** ASSIGNMENT **
From the first line to the last, copy the listing exactly and omit the images.

*** Opening of PROVIDED MATERIAL ***

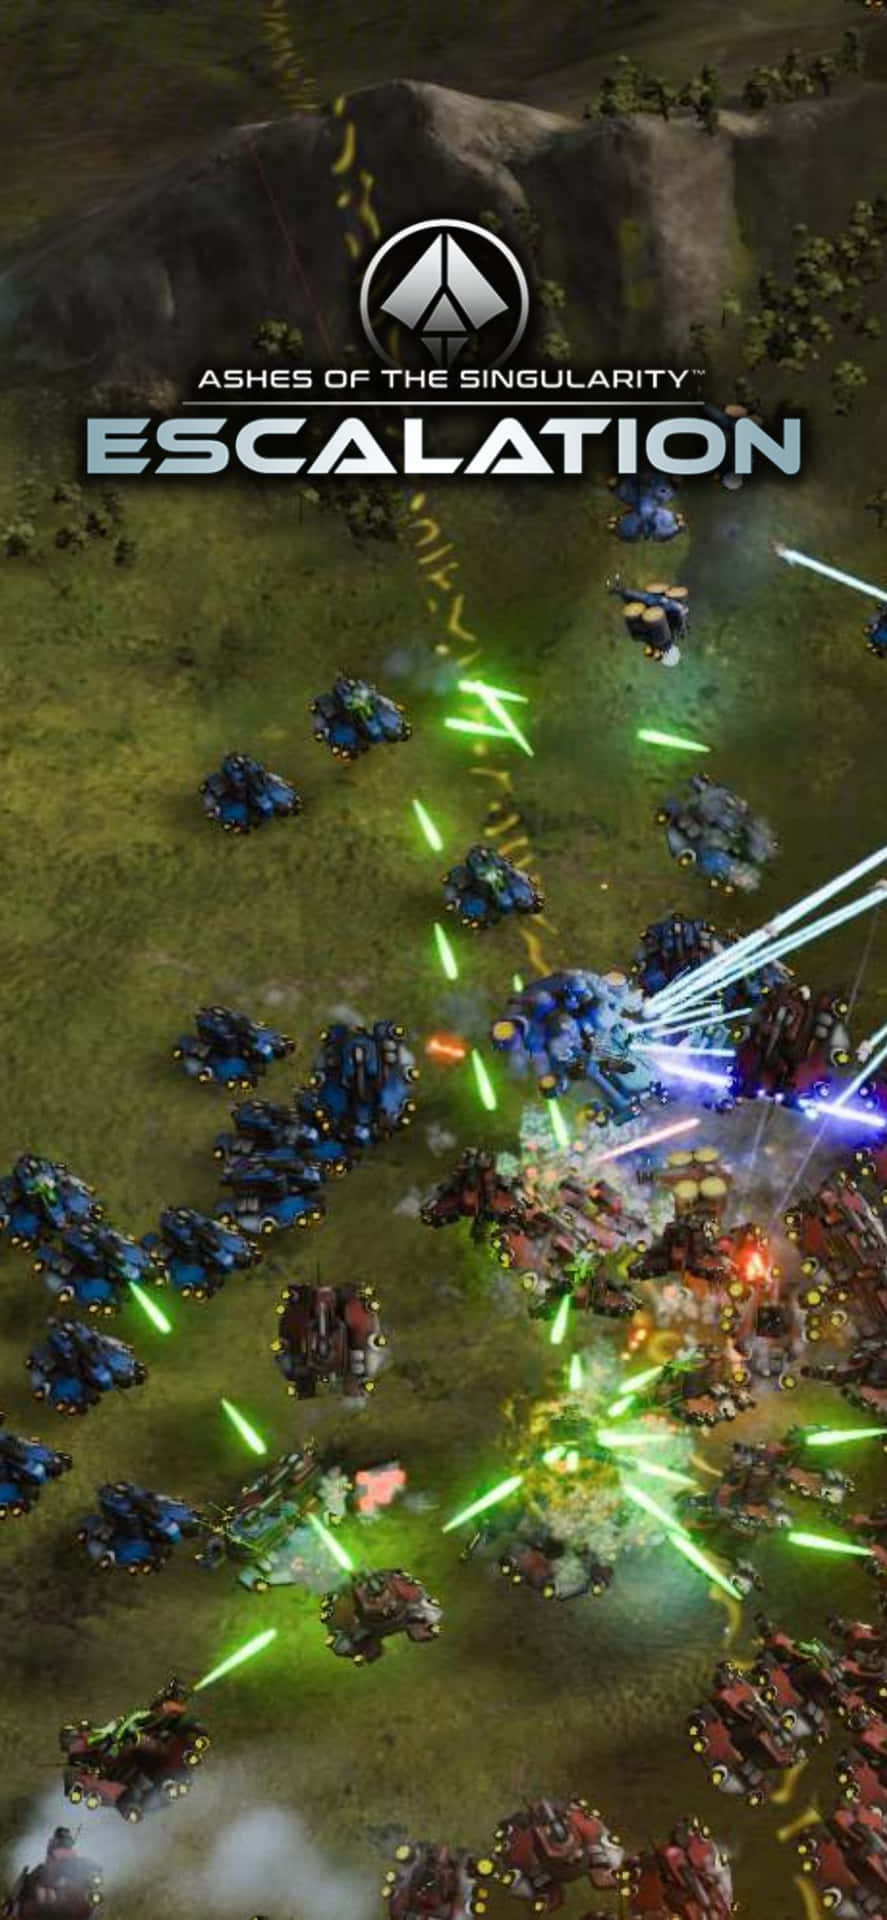 Stunning visuals from the award winning strategy game, Ashes Of The Singularity Escalation.
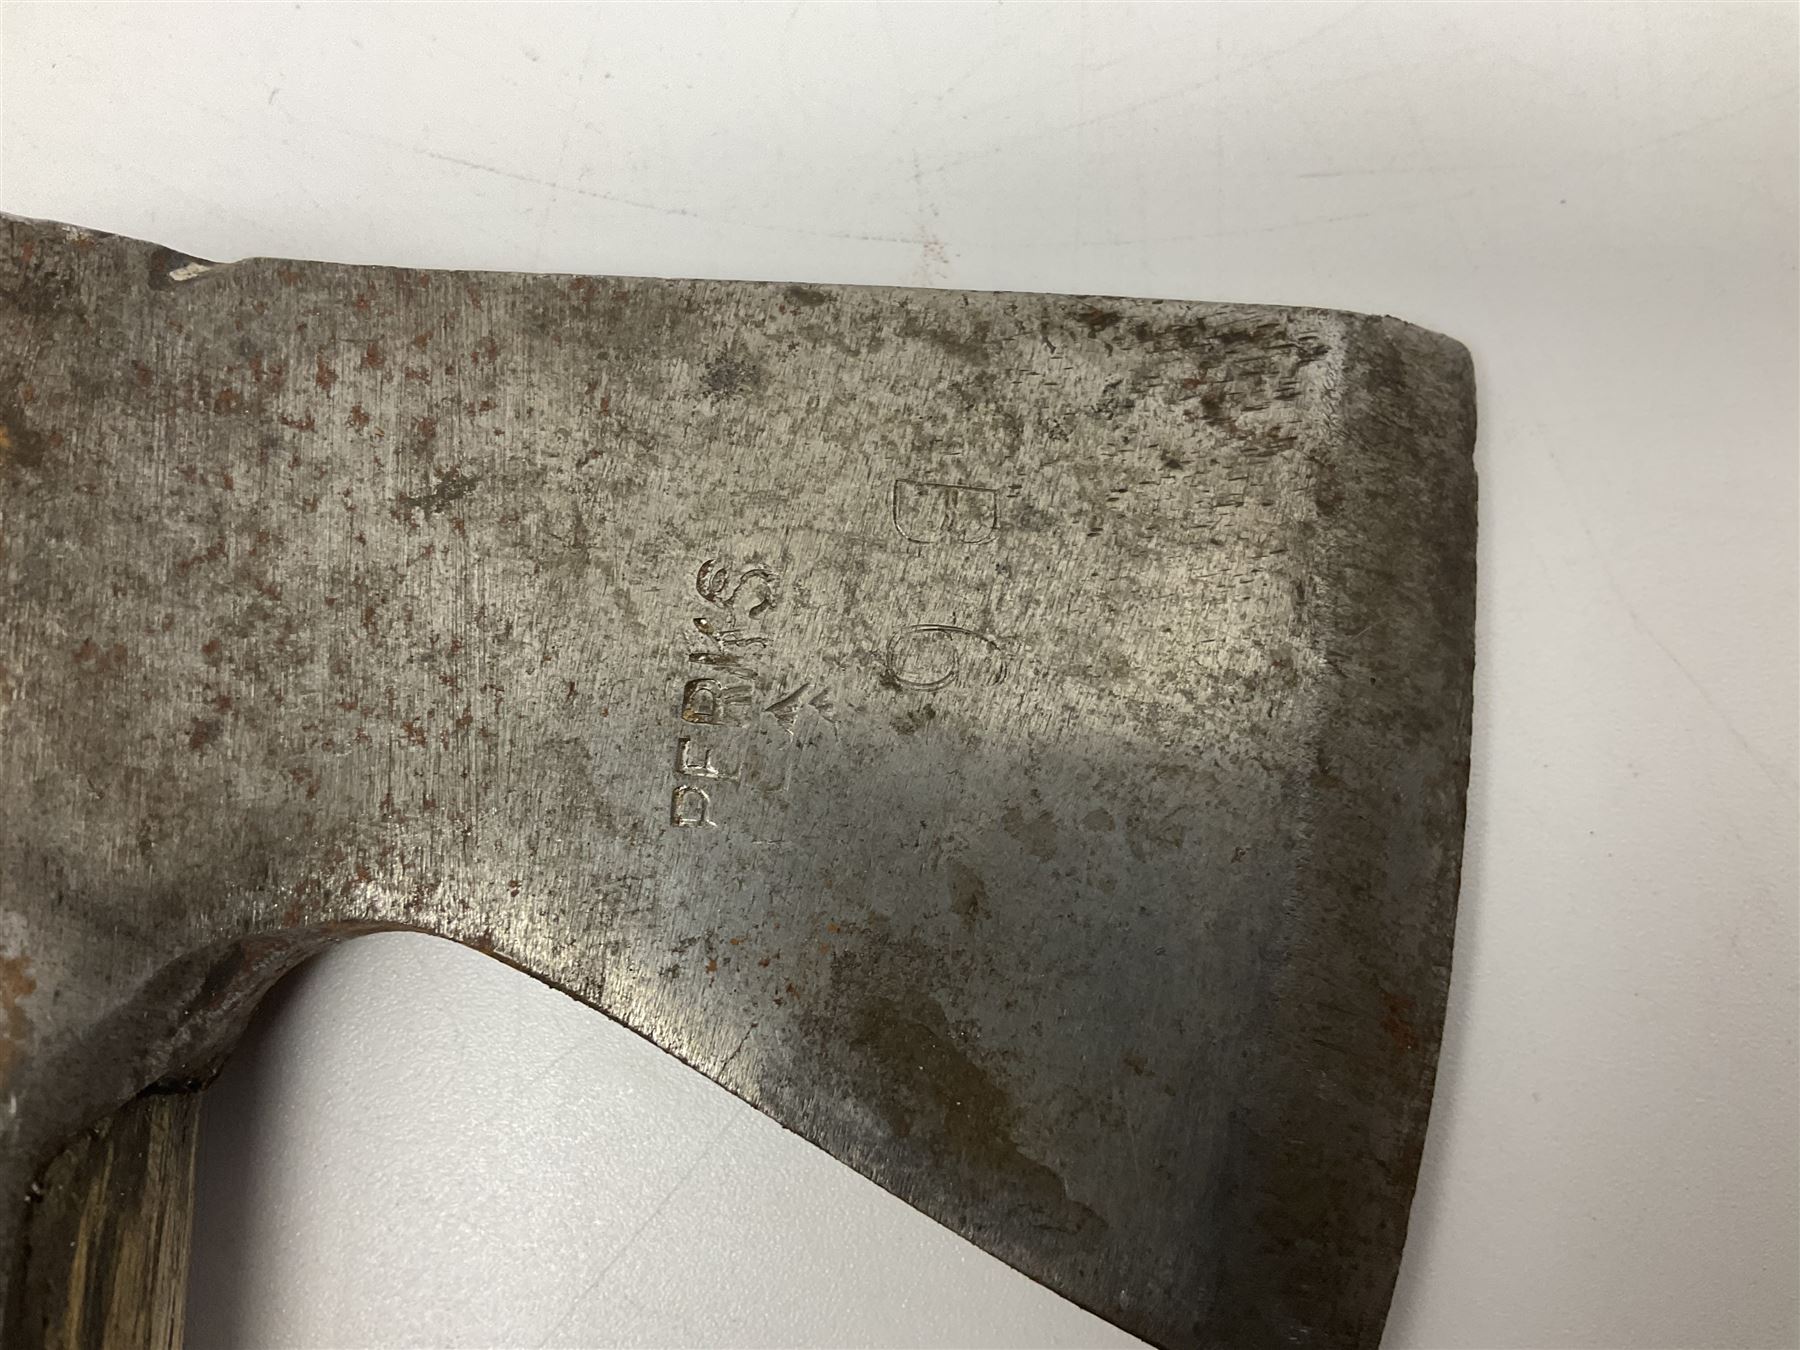 Post-War military type fireman's axe impressed 'PERKS 1953/54' with additional indistinct mark proba - Image 12 of 19
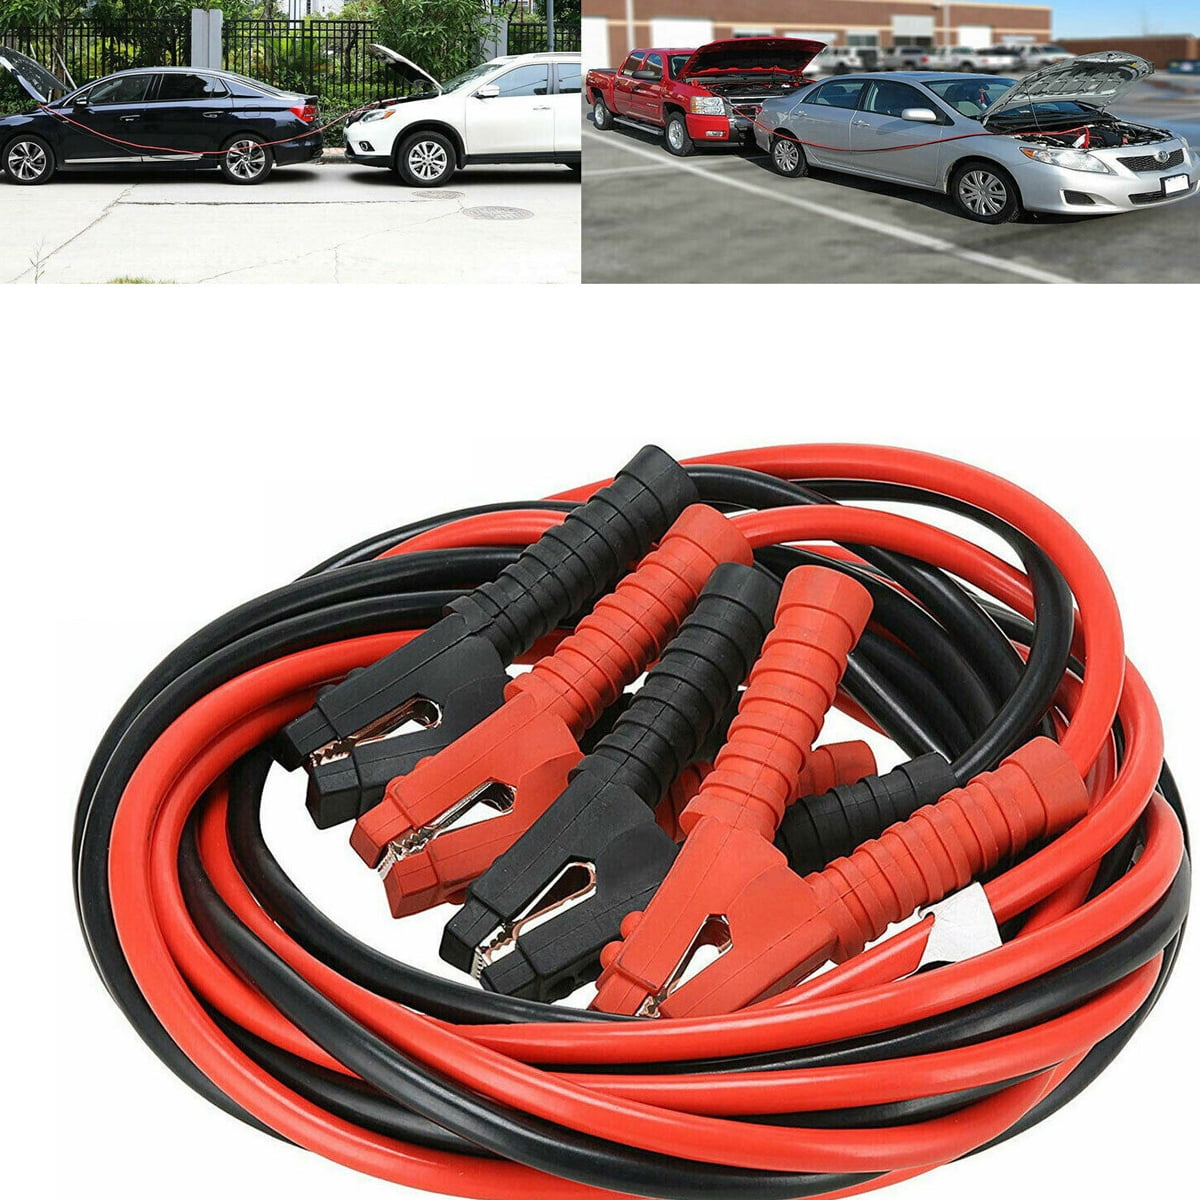 3000AMP 0 Gauge Booster Cables Jumper Leads Heavy Duty Car Van Clamps Start  20FT 
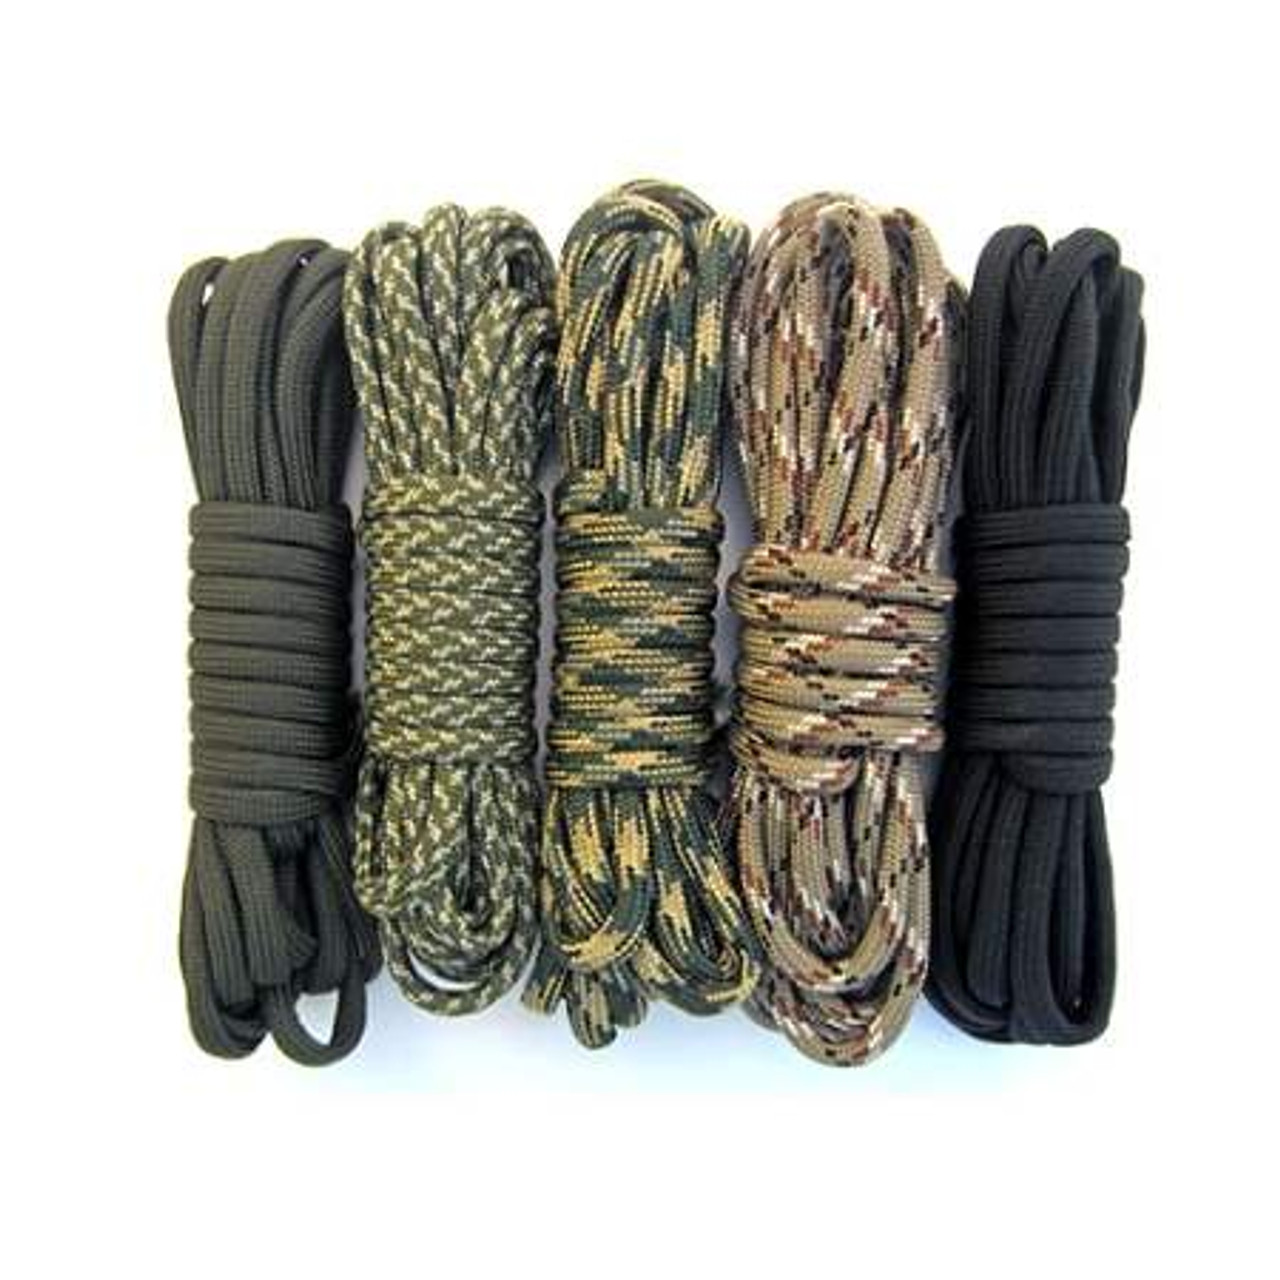 Lone Camo - Combo Kit (50'-550 Paracord) | Paracord Planet

*** Close of PROVIDED MATERIAL ***

** REPLY TO THE TASK **
 Stunning visuals from the award winning strategy game, Ashes Of The Singularity Escalation.
 Post-War military type fireman's axe impressed 'PERKS 1953/54' with additional indistinct mark proba - Image 12 of 19
 3000AMP 0 Gauge Booster Cables Jumper Leads Heavy Duty Car Van Clamps Start  20FT 
 Lone Camo - Combo Kit (50'-550 Paracord) | Paracord Planet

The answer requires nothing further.